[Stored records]
---*---
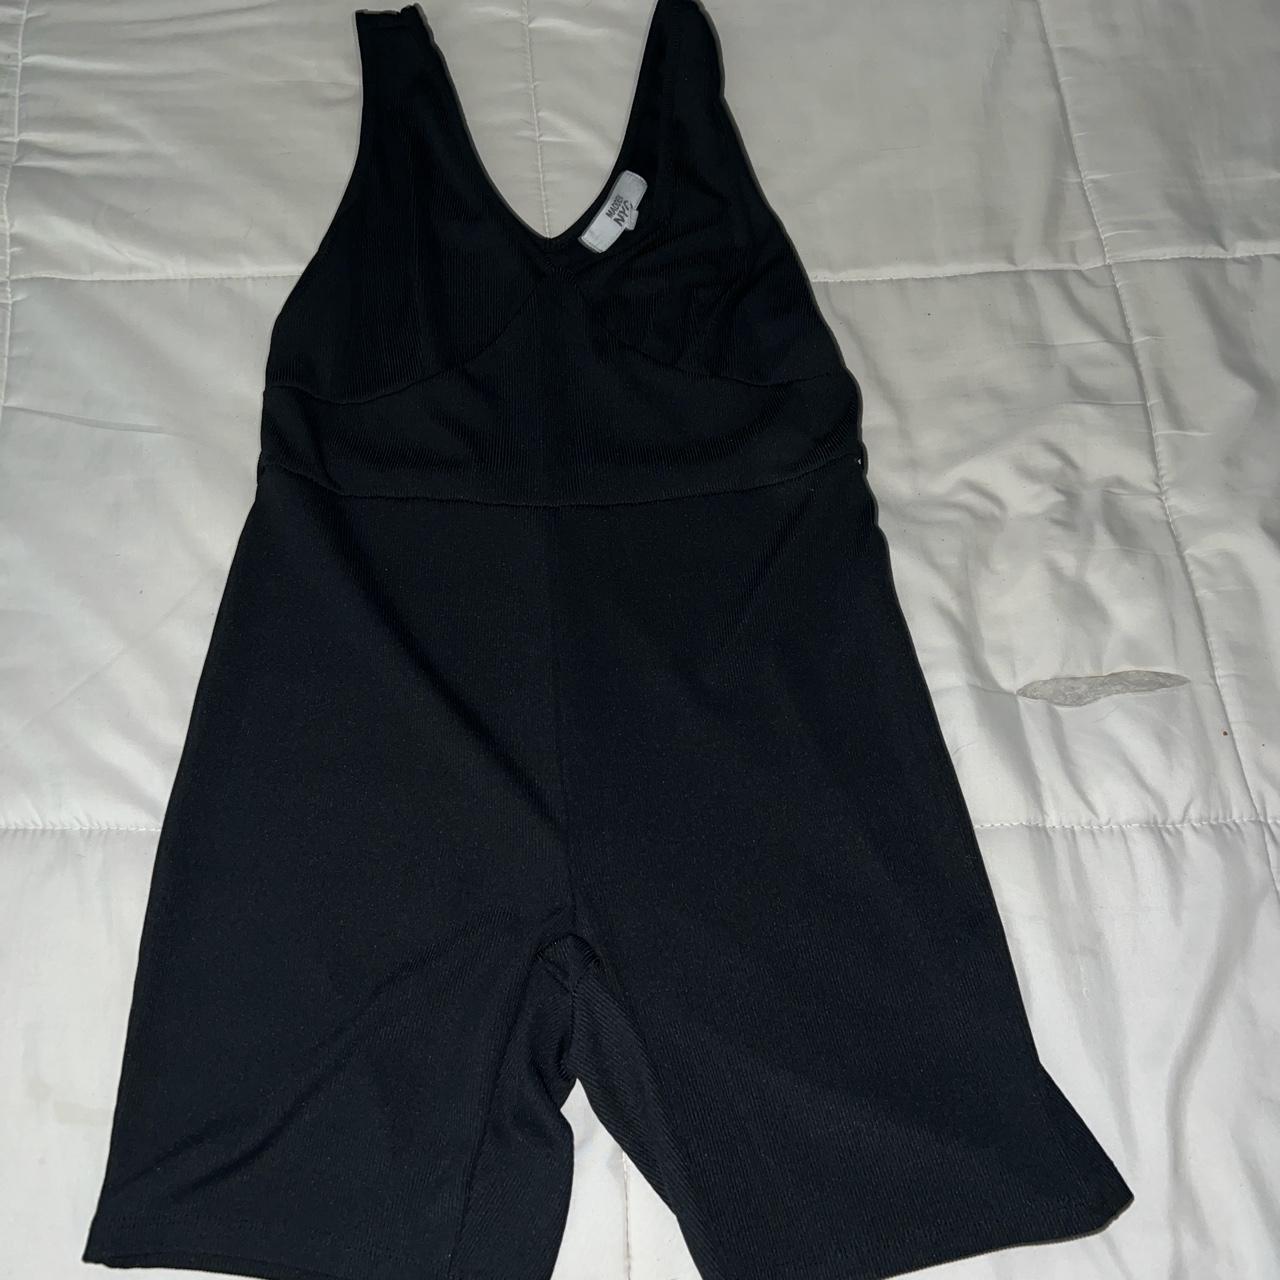 MADDEN NYC jump suit - Depop
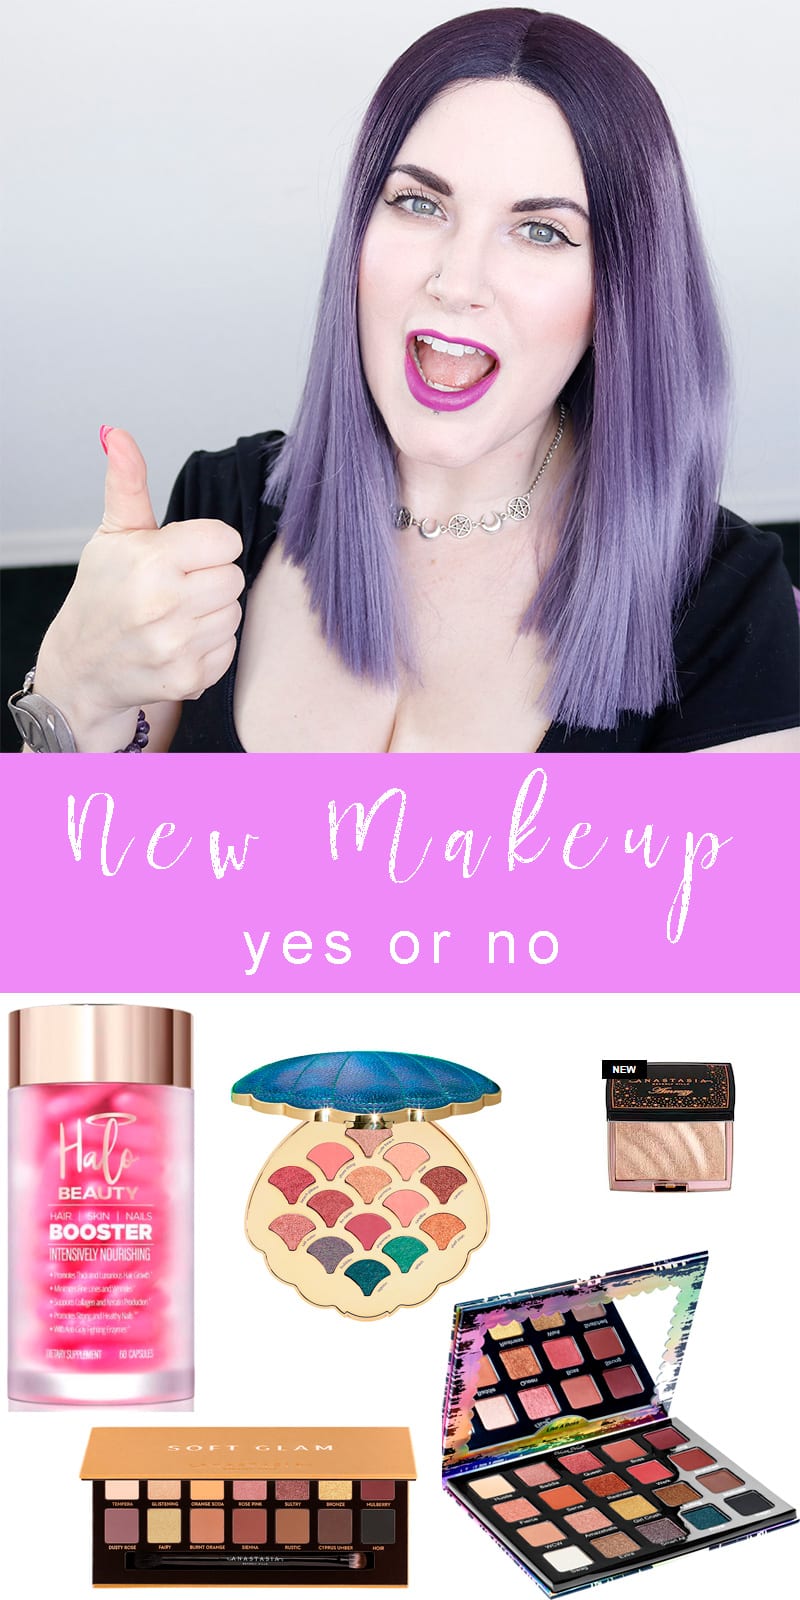 New Makeup Releases - Going on the Wishlist or Nah? - See if these new cruelty free makeup releases will make it home to me!
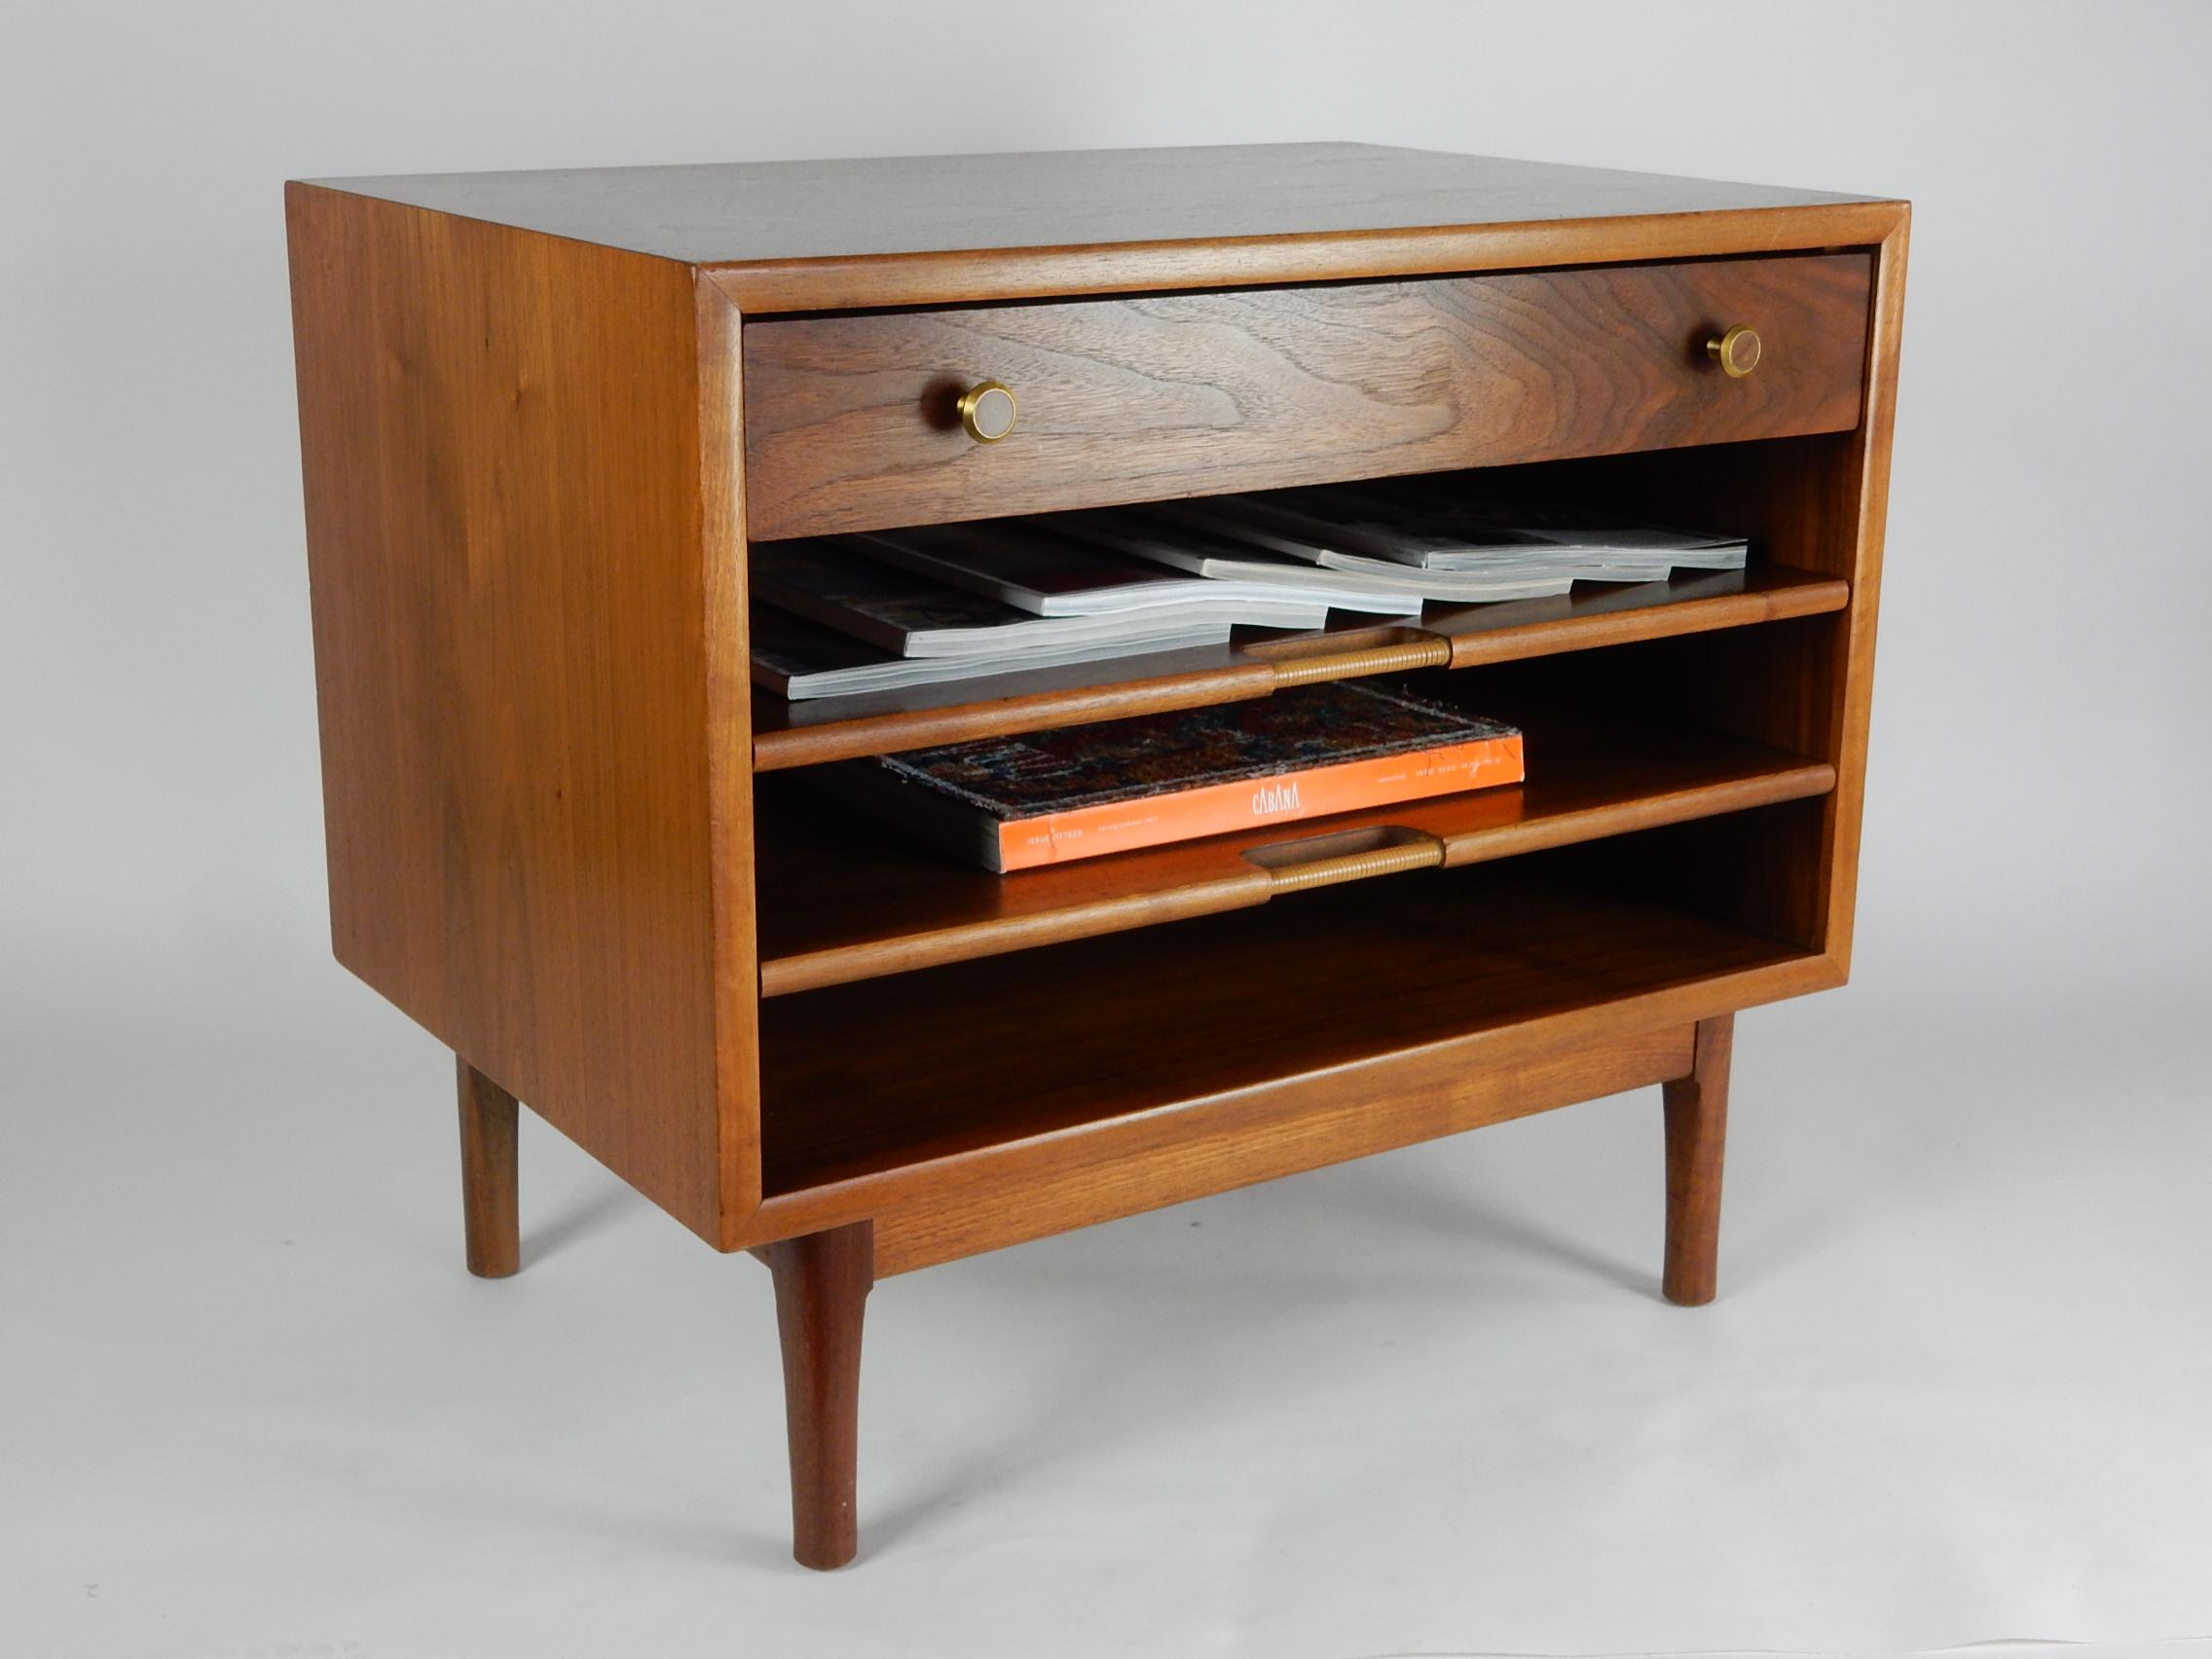 Exceptional walnut magazine table by Kipp Stewart and Stewart MacDougall for Drexel Declaration, circa 1960's.
Single top drawer and two pull out shelves with rattan-wrapped pulls
to display your favorite magazine selections.
Each shelf holds 8-10
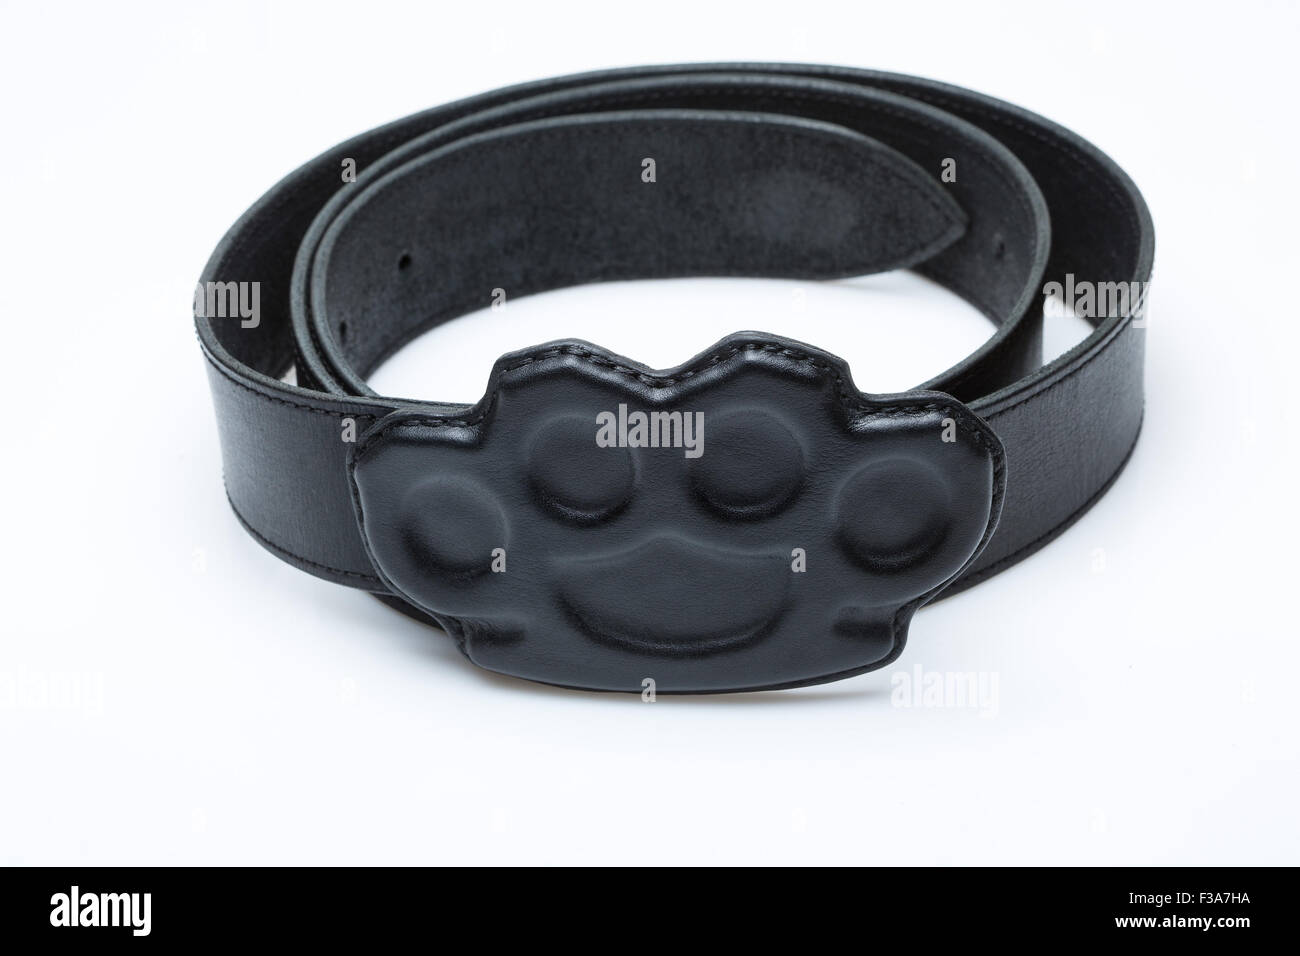 https://c8.alamy.com/comp/F3A7HA/black-belt-with-a-buckle-in-the-form-of-brass-knuckles-F3A7HA.jpg
---*---
- TASK DESCRIPTION
Set the pictures aside and transcribe the data above exactly.

- SOLUTION
 MADDEN NYC jump suit - Depop
 New Makeup Releases - Going on the Wishlist or Nah? - See if these new cruelty free makeup releases will make it home to me!
 Exceptional walnut magazine table by Kipp Stewart and Stewart MacDougall for Drexel Declaration, circa 1960's.
Single top drawer and two pull out shelves with rattan-wrapped pulls
to display your favorite magazine selections.
Each shelf holds 8-10
 https://c8.alamy.com/comp/F3A7HA/black-belt-with-a-buckle-in-the-form-of-brass-knuckles-F3A7HA.jpg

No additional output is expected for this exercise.